As an outsider, the bankruptcy laws in this country astound me. It seems to me that every seven years Americans can file bankruptcy and get out from under their debts. Of course it is more complicated than that, but that is how it appears to the rest of the world.

So it seems right and proper that the laws should be reformed to make it more difficult to do this; that people should live within their means and pay their debts.

This bill has an interesting history behind it. Written by those wonderful folks in the Credit Card industry in 1997, it has been pushed by lobbyists ever since. This is an industry that is presumably sick of people legally avoiding their debts. These are the same folks who are continually saturation-bombing us with Credit-card solicitations when we have no money.

The first question to be asked is a simple one: Why do people declare bankruptcy? Most of us have images of profligate spenders who run up huge bills that they cannot possibly pay, then file for bankruptcy and hide behind the law instead of paying their debts. While there are undoubtedly people like that out there, the fact is that they are in the minority – most of the bankruptcies are due to medical bills, divorce or job loss.

Some Bankruptcy facts

  • Fewer than four percent of filings are by people who could actually pay their debts.
  • Many debtors put off declaring bankruptcy until they have lost their telephone service (40 percent), gone without necessary medicine (43 percent), or been too poor to buy food (19 percent) at least once.
  • Married couples with children and single mothers are respectively two and three times more likely to go bankrupt, respectively, than their childless counterparts.
  • Divorced mothers face an additional risk, because they often lose health coverage linked to their ex-husbands' jobs.
  • Three out of five can't afford to visit a doctor or dentist when they needed to, at least once during the two years before filing for bankruptcy.
  • Almost 40 percent of patients with terminal illnesses report having to cope with financial problems as they prepare to die.
  • Over half of bankruptcies are a result of medical emergency.
  • About half of all debtors file bankruptcy because of medical bills, even though three-quarters have health insurance during all or part of their illness (PDF).

Here's an examination of the bill (albeit in a democratic blog), along with the amendments that were shot down with extreme prejudice by every Republican senator and many Democrats."Let me tell my colleagues about Mary Bobbit. Mary Bobbit is a 70-year-old widow who lives in North Carolina, where the homestead exemption is only $10,000. According to a local news story, she recently lost her husband to cancer, a battle that left her with more than $175,000 in unpaid medical bills. Her only remaining asset is the home that her family built themselves 26 years ago, a home that she paid off just last year. And now she is faced with a horrible dilemma, because if she files for bankruptcy in North Carolina, she will lose the home that she and her husband worked so hard to build and pay for". That's what Senator Feingold said in defense of one of the proposed amendments… before it was tossed out.

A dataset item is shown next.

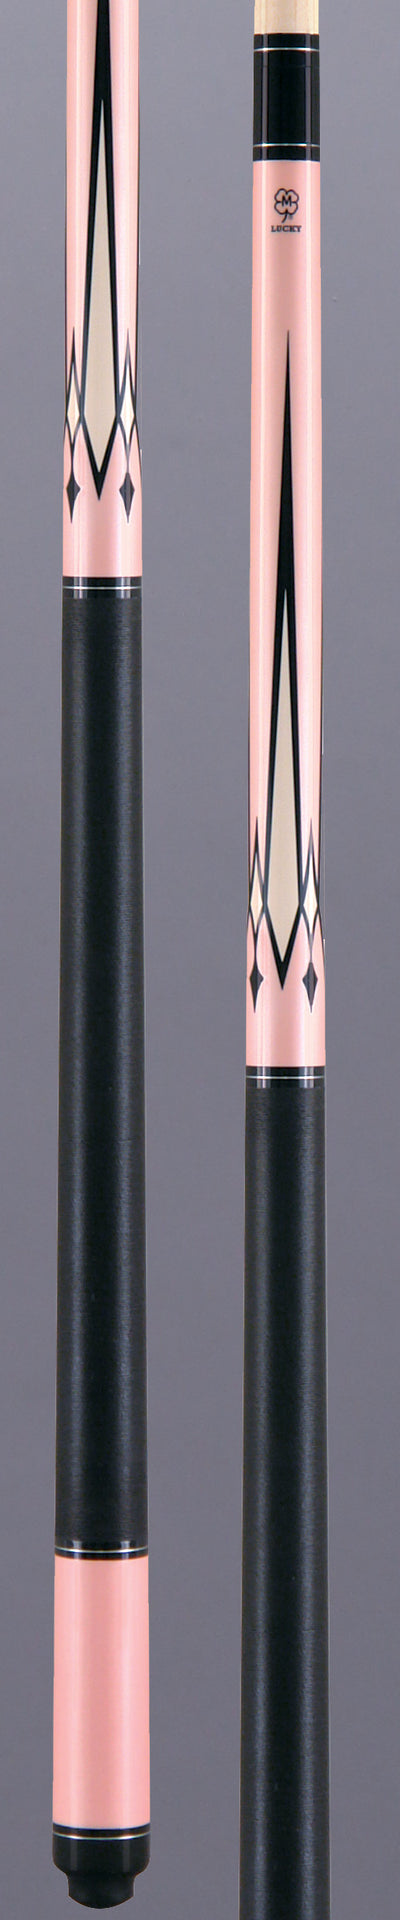 Lucky L17  Pink 4 Point Cue

"This is the same bill that has been considered each session for the past eight years. It was written by the credit industry and supported by huge donations to politicians. While it preaches "individual responsibility" and "reform", it is really designed to severely limit bankruptcy relief to consumers and to chase competent bankruptcy attorneys from the field." Says a Bankruptcy law firm.

Years ago, Bill Clinton Vetoed the bill as "unfair to consumers"

Under the new bill…

  • People who earn more than their state's average income might not be allowed to file for Chapter 7, regardless of their actual expenses. This will hurt those who dwell in cities, where salaries and expenses are far higher than state averages.
  • Judges would no longer be able to take individual circumstances into account, as they do now.
  • Wealthy debtors retain major loopholes under the new bill, such as the right to keep valuable homes and retain assets in special trusts.

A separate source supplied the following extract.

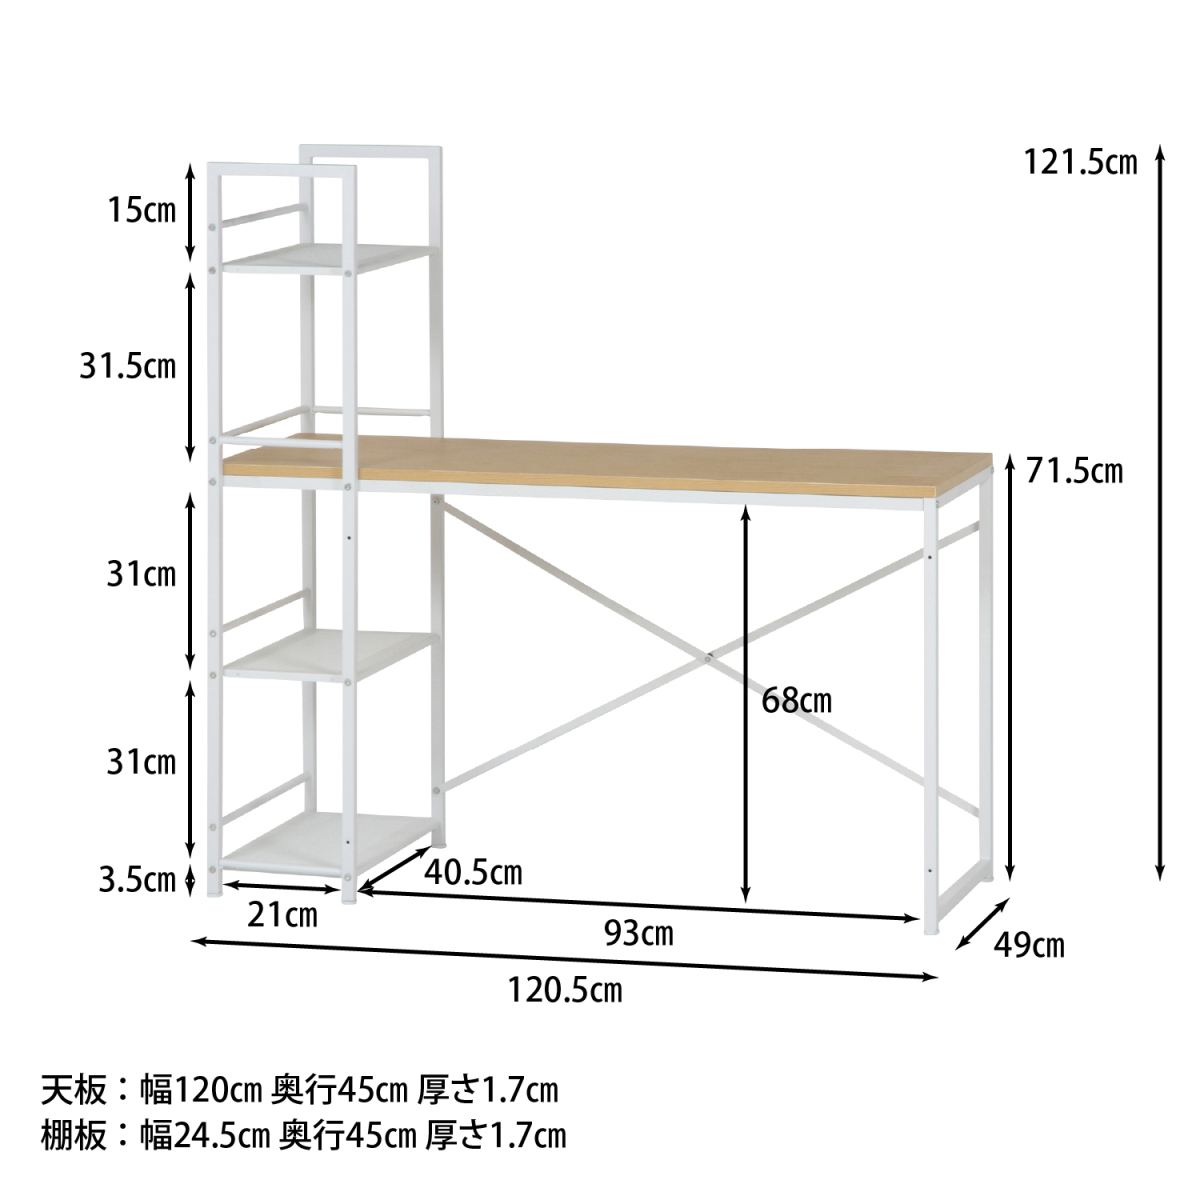  rack attaching Work desk width 120.5cm depth 49cm maple color [ new goods ][ free shipping ( one part region excepting )]

Backers in Congress and the financial services industry argue that bankruptcy frequently is "the last refuge of gamblers, impulsive shoppers, divorced or separated fathers avoiding child support, and multimillionaires – often celebrities – who buy mansions in states with liberal homestead exemptions to shelter assets from creditors."

However, this does not really solve the problem. "Florida, Iowa, Kansas, South Dakota and Texas have unlimited homestead exemptions that allow wealthy people to file for bankruptcy and keep their mansions in those states sheltered from creditors."

In addition, the bill does nothing to address the growing use of "asset protection trusts," used by rich people to shield income from bankruptcy proceedings, or to rein in the unlimited use of the homestead exemption, which allows them to shield multimillion dollar homes from bankruptcy courts.

My other major objection to this bill is that it makes no exceptions for irresponsible lenders – rapacious businesses who lend to borrowers without checking them out first. I wonder if the bill makes any provision for predatory lenders that do not do their due diligence. I am willing to bet money that it does not. A lender who offer money to someone that they know is unlikely to repay the debt should share in the risk rather than pushing for legislation to eliminate their risks and increase their profit margins.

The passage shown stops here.